Cette offre d'emploi n'est plus disponible
À propos
You could be just the right applicant for this job Read all associated information and make sure to apply.
The NOC Lead, reporting to the NOC Manager, will provide strategic and technical leadership to a team of Principal Engineers and Engineers. This role is accountable for ensuring the stability and functionality of applications, batch processes, network, and infrastructure components. The Lead will drive operational excellence by maintaining maximum availability (99.9%-99.99%), overseeing incident management, and ensuring timely resolution of escalations to meet or exceed established SLAs. Additionally, this position will guide the team in implementing best practices, fostering collaboration, and delivering continuous improvements across the NOC environment.
Job Overview
The NOC Lead, reporting to the NOC Manager, will provide strategic and technical leadership to a team of Principal Engineers and Engineers. This role is accountable for ensuring the stability and functionality of applications, batch processes, network, and infrastructure components. The Lead will drive operational excellence by maintaining maximum availability (99.9%-99.99%), overseeing incident management, and ensuring timely resolution of escalations to meet or exceed established SLAs. Additionally, this position will guide the team in implementing best practices, fostering collaboration, and delivering continuous improvements across the NOC environment.
The Network Operations Center (NOC), a key part of iCIMS Technical Operations, is dedicated to monitoring applications and infrastructure to deliver an exceptional customer experience. The team ensures optimal performance by validating availability, coordinating cross-functional event responses, and communicating any customer-impacting incidents. Additionally, the NOC analyzes key performance indicators (KPIs) to forecast future trends and provide initial recommendations to the engineering team.
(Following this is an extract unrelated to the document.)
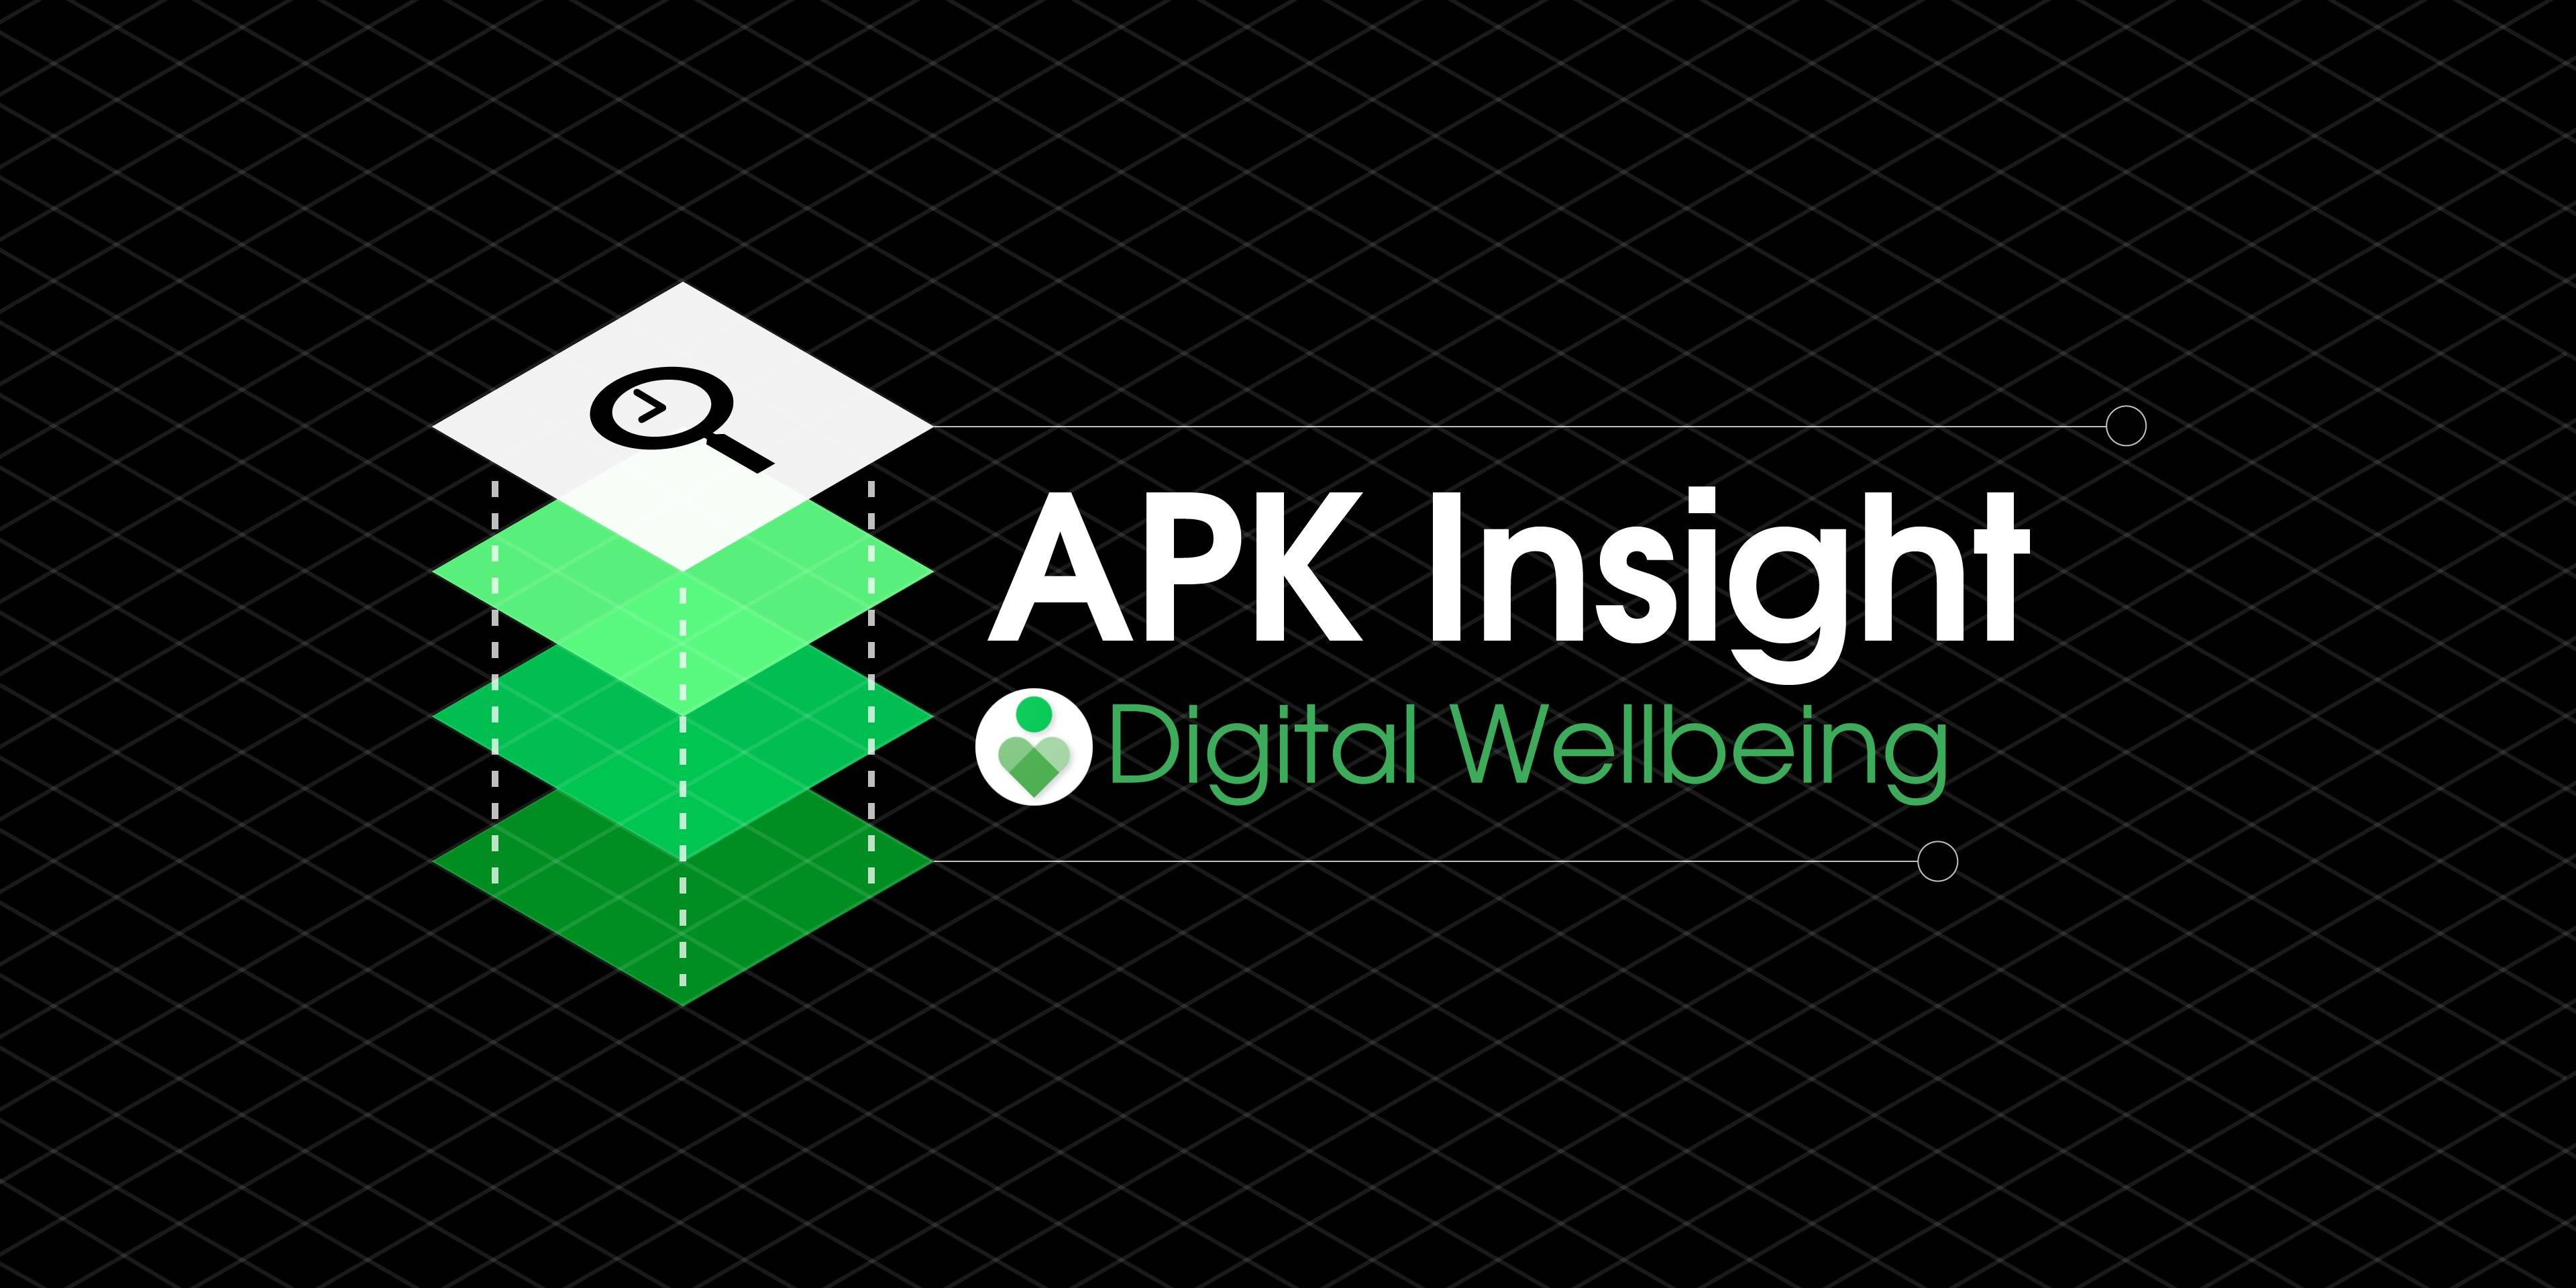 Digital Wellbeing bereitet tägliche Timer und Nutzungsverfolgung für Websites vor [APK Insight]

The Lead, NOC reports to the NOC Manager, will be responsible for maintaining the functionality of applications, batch processes, network, and infrastructure components. This role ensures maximum availability (99.9%-99.99%) and drives timely resolution of incidents or technical escalations to meet established SLAs.
Responsibilities
Success Metrics
Ensure Production Stability: Monitor availability and performance across the entire production environment to maintain optimal operations. Off hours support as needed
Leverage Monitoring Tools: Track cloud resource utilization and performance metrics to identify trends and potential issues proactively.
Data-Driven Insights: Generate regular performance reports and recommend enhancements based on detailed analysis.
Incident Management Excellence: Lead the restoration of normal service operations swiftly, including assessment, research, escalation, communication, and resolution management.
Execute Production Changes: Implement necessary changes to support both internal and external customer needs.
Operational Support: Provide effective triage and resolution for operational support requests.
Documentation & Standards: Review and refine SOPs, policies, procedures, and system requirements to ensure accuracy and relevance.
Automation Development: Create and maintain automation scripts using Python and Java to streamline processes and reduce manual effort.
Infrastructure as Code (IaC): Apply IaC practices to improve deployment efficiency, consistency, and scalability.
Comprehensive Documentation: Prepare detailed electronic documentation, including SLAs, performance metrics, installation guides, and implementation guides.
Reduce Manual Work: Identify repetitive tasks and implement automation solutions to eliminate inefficiencies. xcfaprz
Performance Reviews: Participate in monthly metric reviews to support uptime goals of 99.9%-99.99%.
Drive Innovation: Demonstrate passion, initiative, and urgency in seeking innovative solutions and resolving issues effectively.
Qualifications
Technical Expertise
8+ years in administration and production support experience with on-call responsibilities
10+ years of strong Cloud provider experience and demonstrated knowledge
6 Years Leadership Experience
1 Certification in any Technical Area
Observability tooling experience
Preferred
Preferred Qualifications
Experience with AWS / AWS Certifications
Exposure to other cloud technologies like Azure and GCP
#J-18808-Ljbffr
Compétences linguistiques
- English
Avis aux utilisateurs
Cette offre a été publiée par l’un de nos partenaires. Vous pouvez consulter l’offre originale ici.